Однако, к удивлению Дейрдре, ее тетка была вовсе не в восторге от леди Чар.
– Ее нигде не принимают, – объяснила она. – Если бы стало известно, что ты привечаешь ее, ни один из влиятельных людей не появился бы у тебя в доме. Я не утверждаю, что так и должно быть, Дейрдре. Я только говорю тебе, как ведут себя в нашем кругу.
Несмотря на это, по мере знакомства с леди Чар Дейрдре чувствовала, что эта женщина ей все больше нравится, а через неделю она уже считала ее своим самым близким другом.
Случилось так, что возвращение Дейрдре и Армана в Лондон сопровождалось неожиданно пышной церемонией. Принц-регент, отдавший свою яхту в распоряжение леди Аксбридж и объявивший, что «любит Аксбриджа как своего лучшего офицера и самого верного подданного», дал ему титул маркиза Энглси.
– Хотя, – сказала леди Чар с легкой иронией, – с таким же успехом меня могли бы именовать правой рукой архангела Гавриила. Разницы особой не вижу. В некоторые двери войти труднее, чем в жемчужные врата рая.

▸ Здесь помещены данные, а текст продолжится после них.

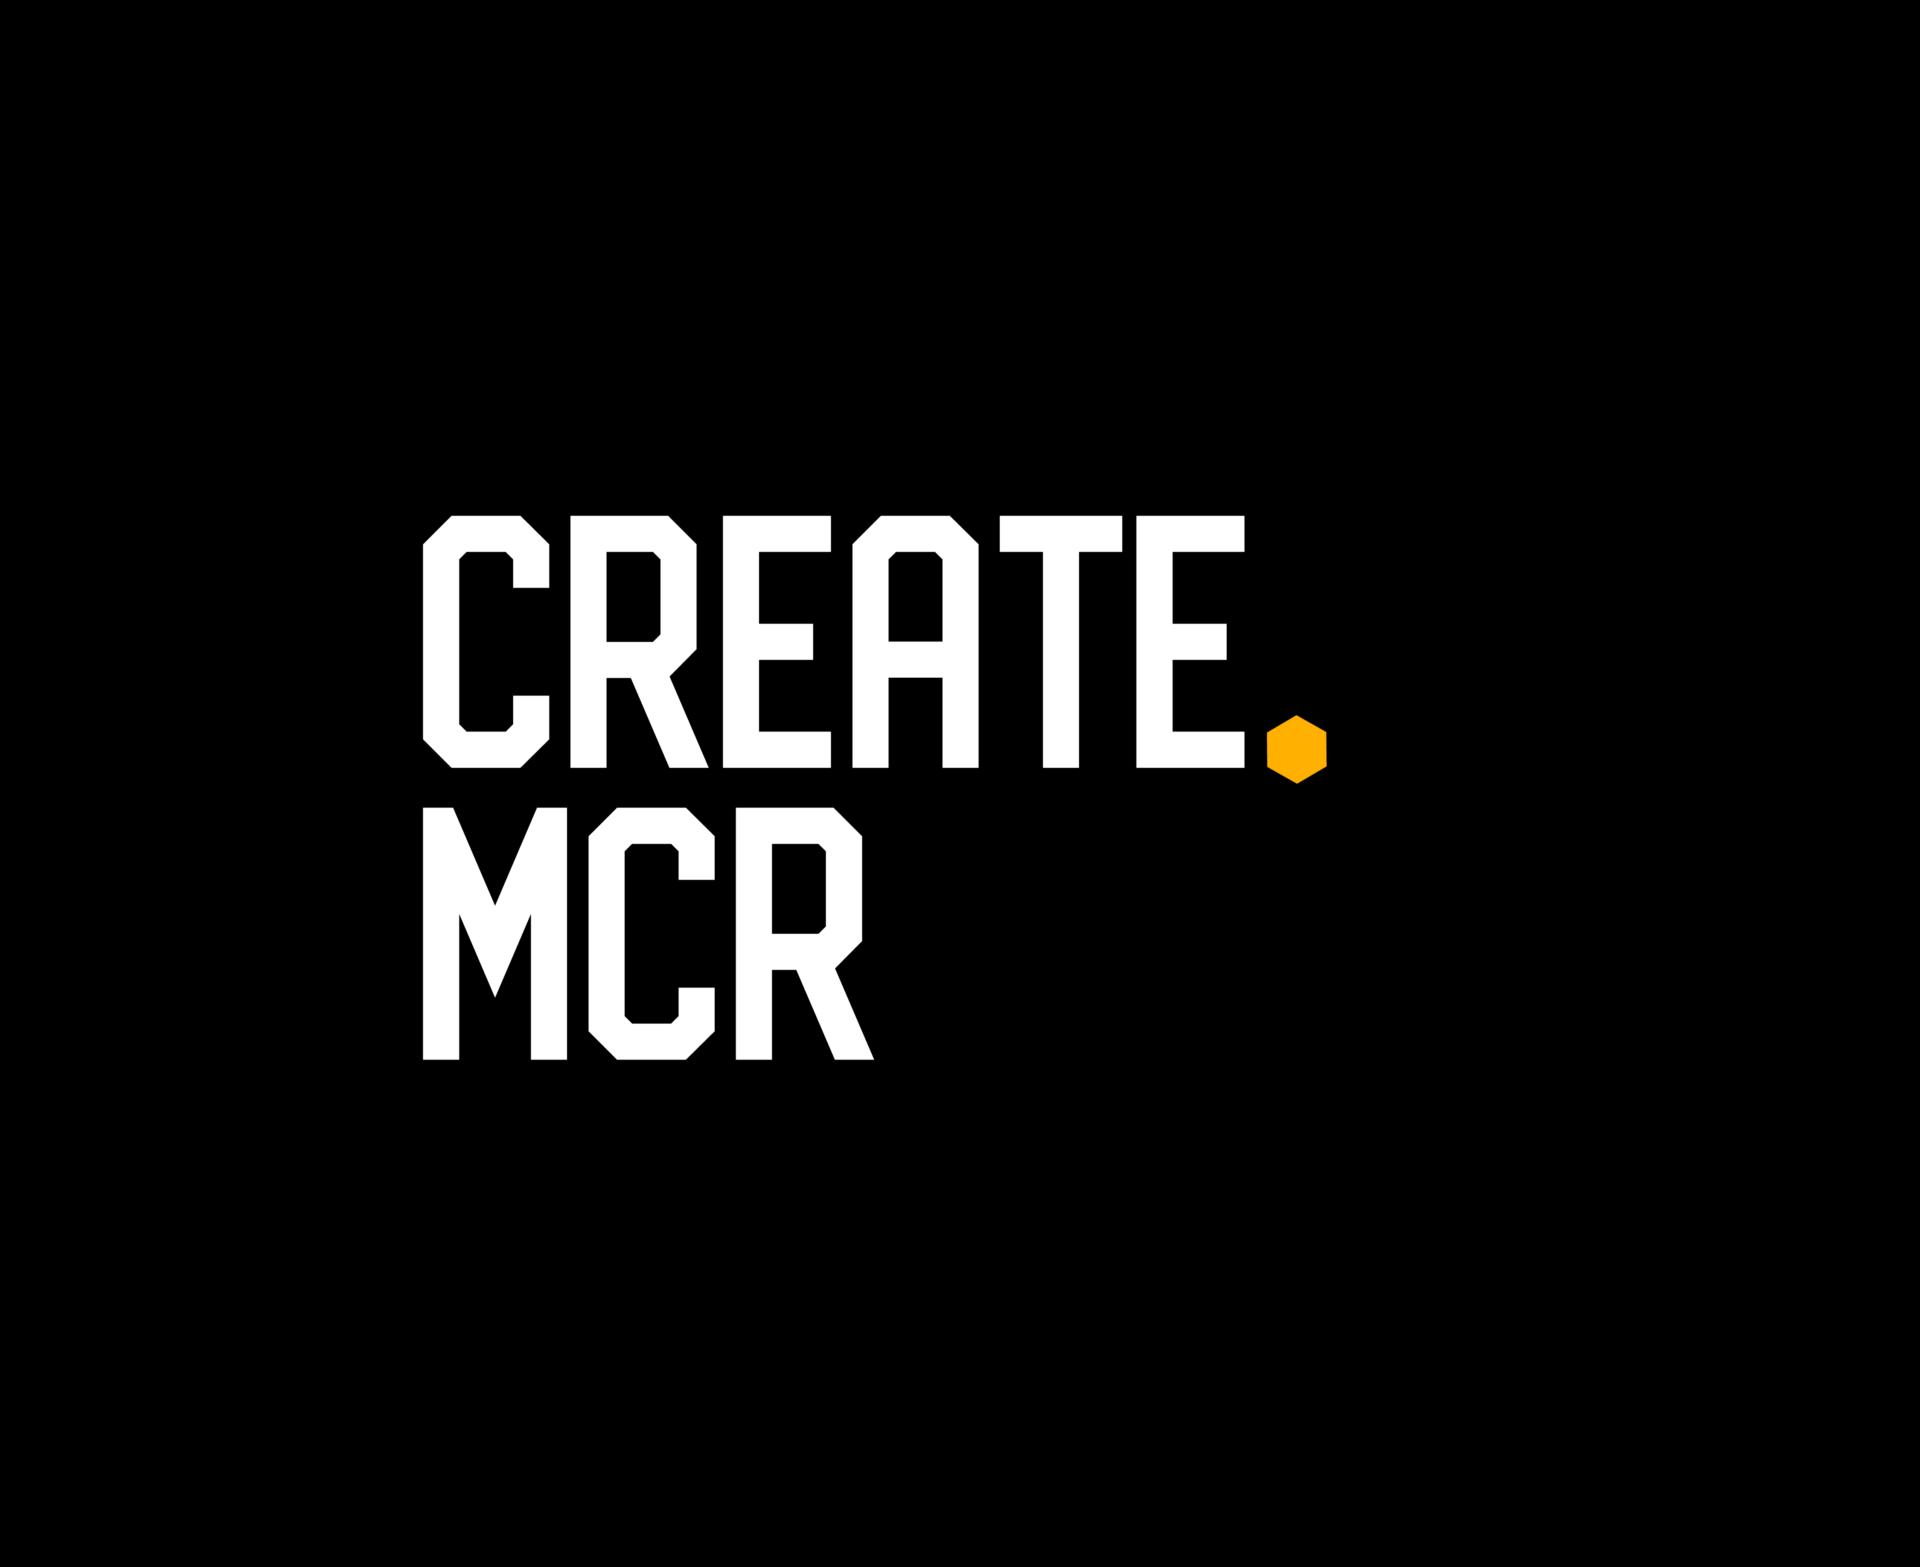 Create MCR
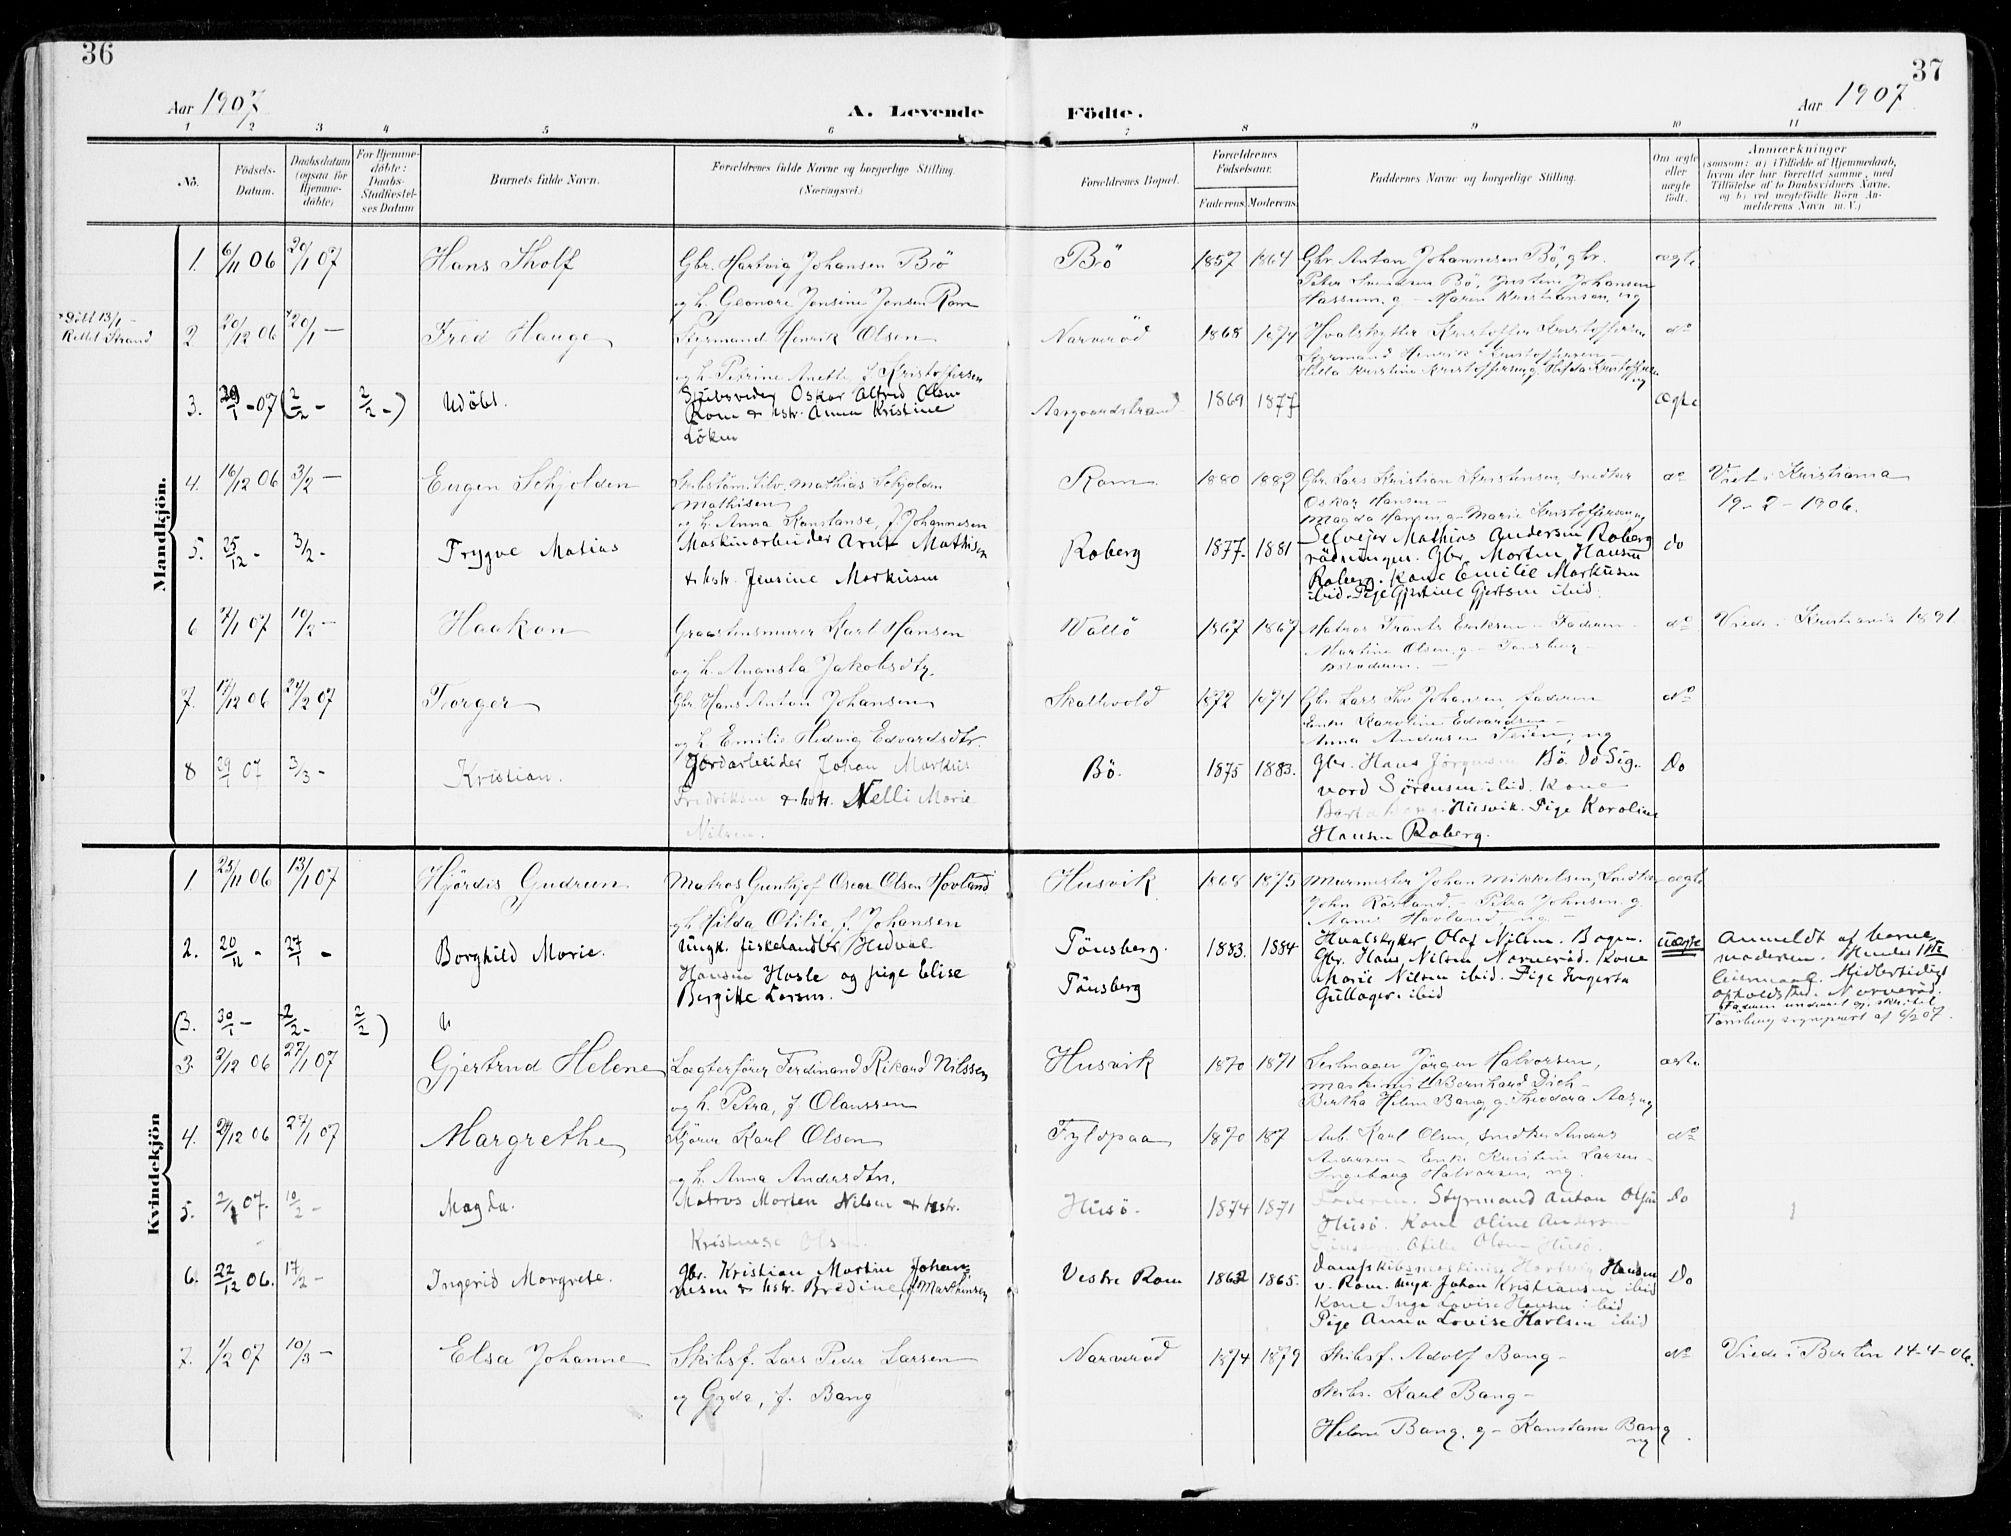 SAKO, Sem kirkebøker, F/Fb/L0006: Ministerialbok nr. II 6, 1905-1918, s. 36-37

Ночь они провели на борту королевской яхты в гавани Дил и ранним утром следующего дня отправились в Лондон в карете с гербами Энглси, как теперь следовало именовать Аксбриджа. Маленький лорд Кларенс и его няня вместе с горничной леди Энглси ехали в другой карете следом за ними. Когда они проезжали через Вестминстерский мост, многие узнавали маркиза по гербу на карете, и вскоре по обеим сторонам дороги собралась шумная толпа приветствующих.
Когда они наконец добрались до дома Аксбриджей, Дейрдре и Арман немедленно распрощались с супругами Энглси, пообещав в скором времени встретиться с ними снова. Так как дом Рэтборна на Пиккадилли был закрыт на длительное время, Дейрдре приняла решение провести ночь в отеле, о чем сказала Серене, которую они, разумеется, навестили – она жила практически в двух шагах от Аксбриджей.
Серена не одобрила намерений подруги и настояла, чтобы Дейрдре остановилась у нее.
– Я думаю, нам есть о чем поговорить, – подмигнув, сказала она.
После обеда, оставив мужчин за портвейном в столовой, дамы уединились в гардеробной хозяйки.
– Вероятно, ты сочтешь мои поступки непоследовательными, – начала наконец Дейрдре, видя, что Серена решила предоставить ей первое слово. – Я и сама не могу тебе объяснить, потому что многого не понимаю, – ответила Дейрдре с полной искренностью. – Мне казалось, я знаю разницу между тем, что хорошо и что плохо. Теперь я уже в этом не уверена. Как я могу быть судьей того, чего не понимаю? Могу сказать только, что Энглси – самые добрые люди из всех, кого я знаю, и считаю несправедливым, что с леди Чар так безобразно обращаются в обществе. Это самое гнусное лицемерие, какое только можно вообразить. Я уже не считаю, что знаю ответы на все вопросы, и думаю, что, возможно, я ошибалась и во многом другом.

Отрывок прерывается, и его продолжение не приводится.